The thing that breaks my heart, right into, much like a Chinese fortune cookie, is to know that when life gets tough or even unbearable , that I have some place to turn. Someone who wants to walk with me through every aspect of life, even the really messy tough things to navigate. When I'm scared, when I feel all alone in the world, when I'm unsure about myself, life and which road to take. When I need protection, or providing for , or just his providence and presence, God is always there for me. He wants to hear from me and He wants to spend time with me. He wants the best for me , even when I'm wrong about what I think that may be. ☺️ I know that He will never leave me or forsake me. When I loose my job, He comforts me. When I get a bad health diagnosis, He comforts me. When I loose a parent, the one person on the planet who has been there with me all of my days, He comforts me. The thing that breaks my heart is that I have so much that they will never be able to experience or benefit from just because they choose not to, yes they make a choice and even when we make no selection, we are still choosing. I take it on and upon myself, that I left them a little further away from God then they were before they met me....and that's a really hard one to swallow.

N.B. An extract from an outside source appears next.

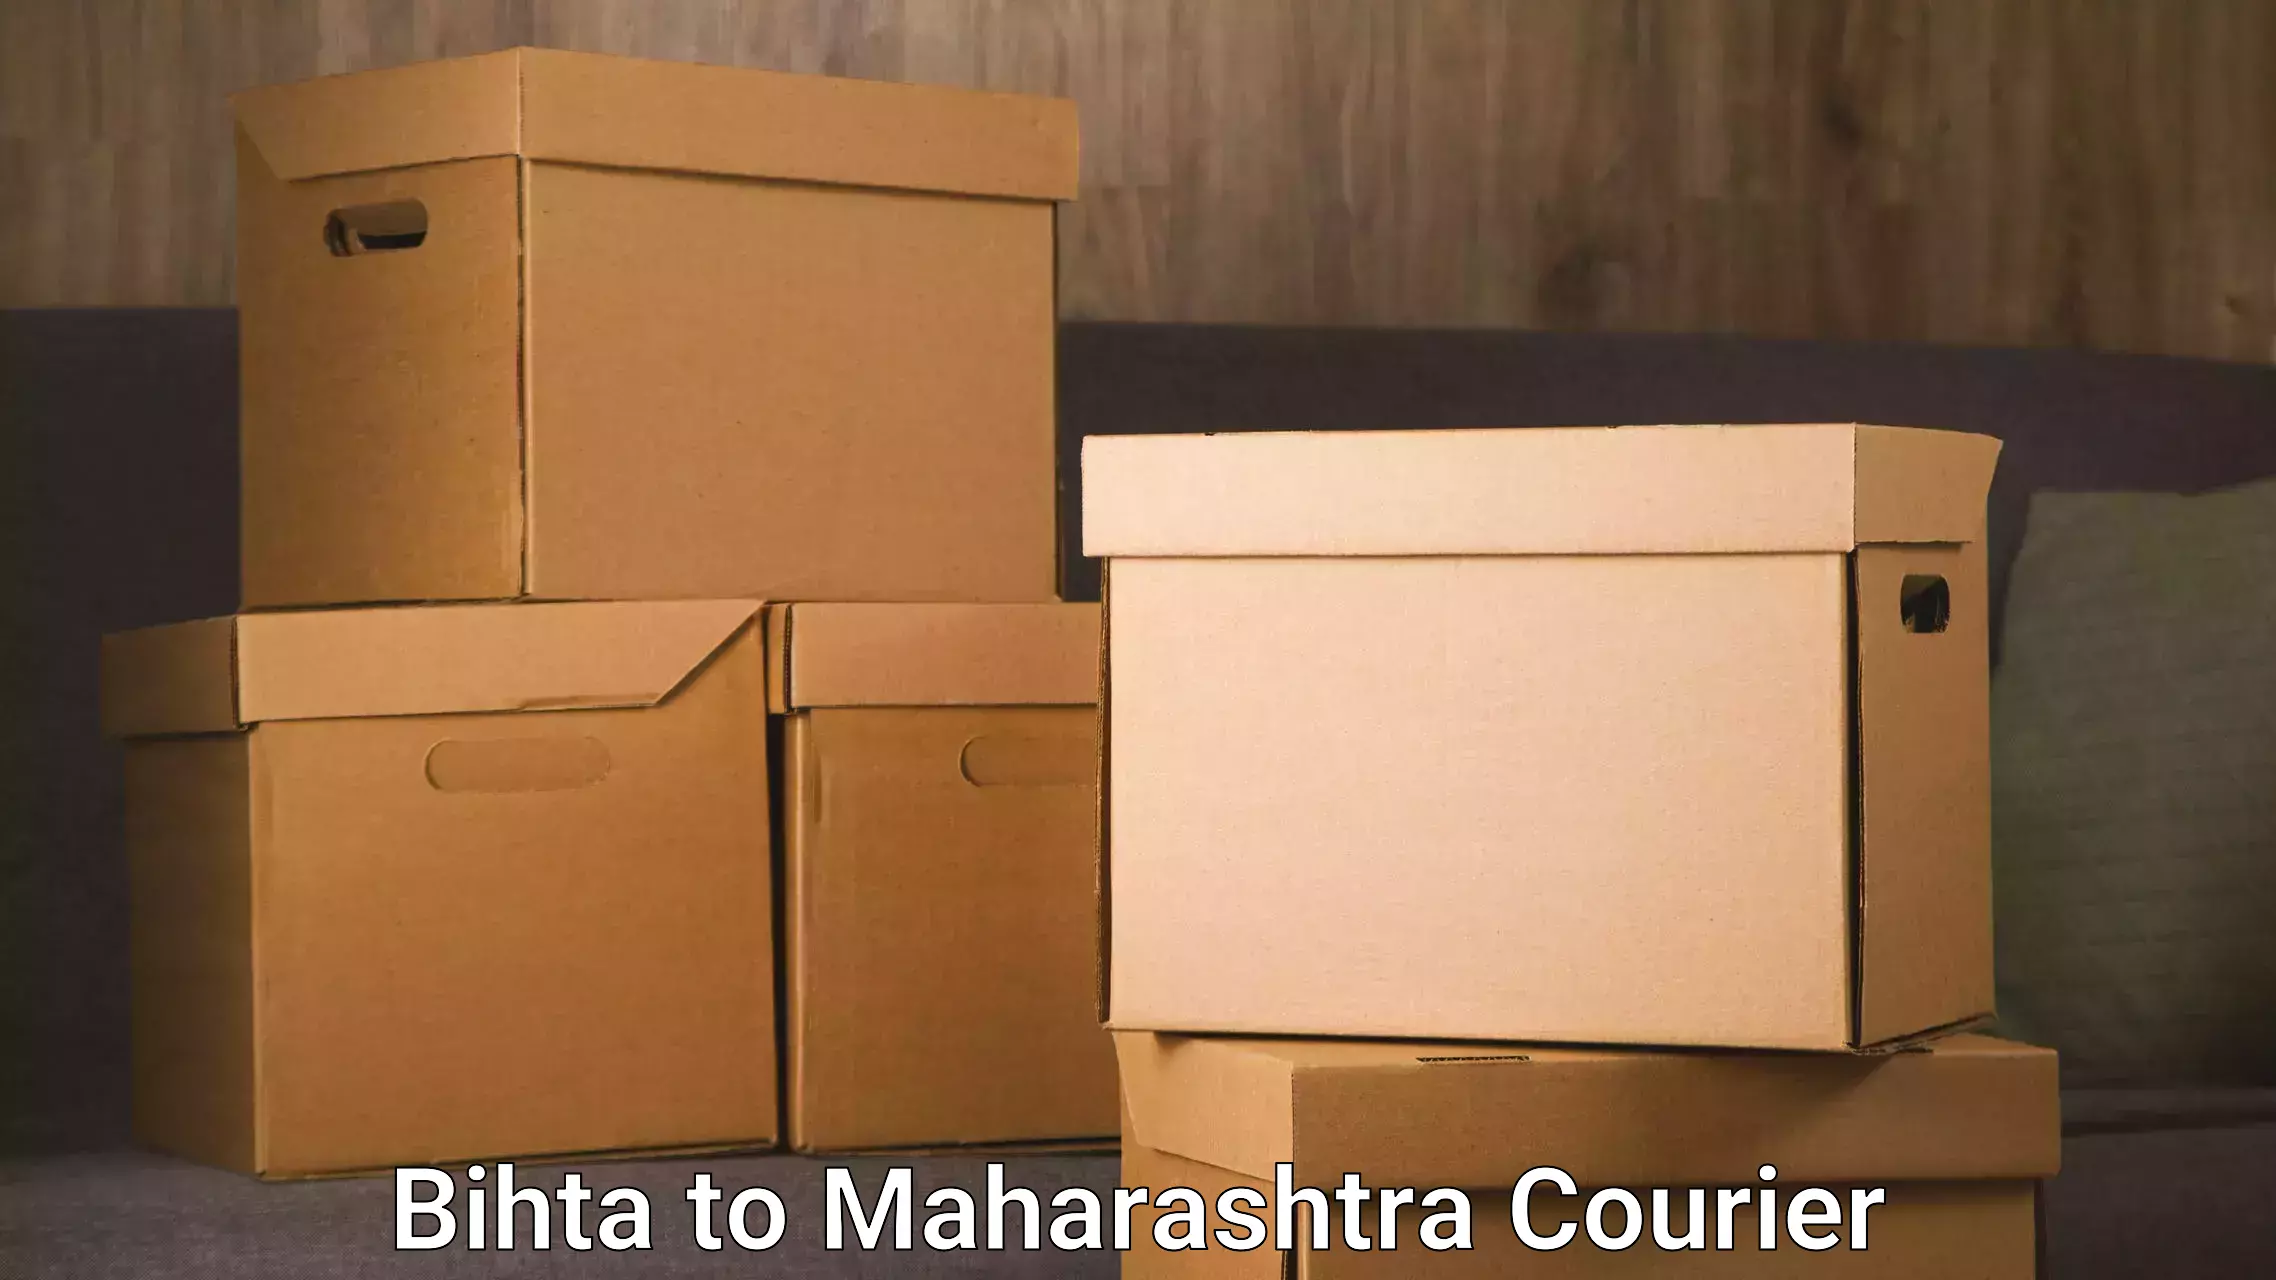 Specialized moving company Bihta to Maharashtra

You just know that can't be the end of the story, because as long as there is breath in our lungs, then there is always hope, and where there is hope, there is forgiveness and second chances, even if it's really the three hundredth time of second chances ☺️☺️. God is the game changer, not me. He's the one who heals hearts. He's the one who takes away sins. He's the one who washes us clean. He's the author of Salvation and offers it freely to all who accepts what Jesus did on the cross. He is the One who is making all things new again, including us. Sadly my efforts were futile and closely to a lie, even though I tried my hardest to love them as much as I could, while hiding behind a wall like a coward to ensure that I didn't get hurt, while inflicting more pain, by being less than genuine. To whoever this person is or was in my life and perhaps your 's as well, I'm genuinely sorry from the bottom of my heart. All of the things and the ways that I failed you, God is still standing and waiting to make it right. Where I failed, God can't and never will fail you and can love your fragile and in many pieces heart perfectly. If its not right, then God's not done with it, but the choice is yours if you just want to continue on with going through with things that are just bound to leave more marks on you.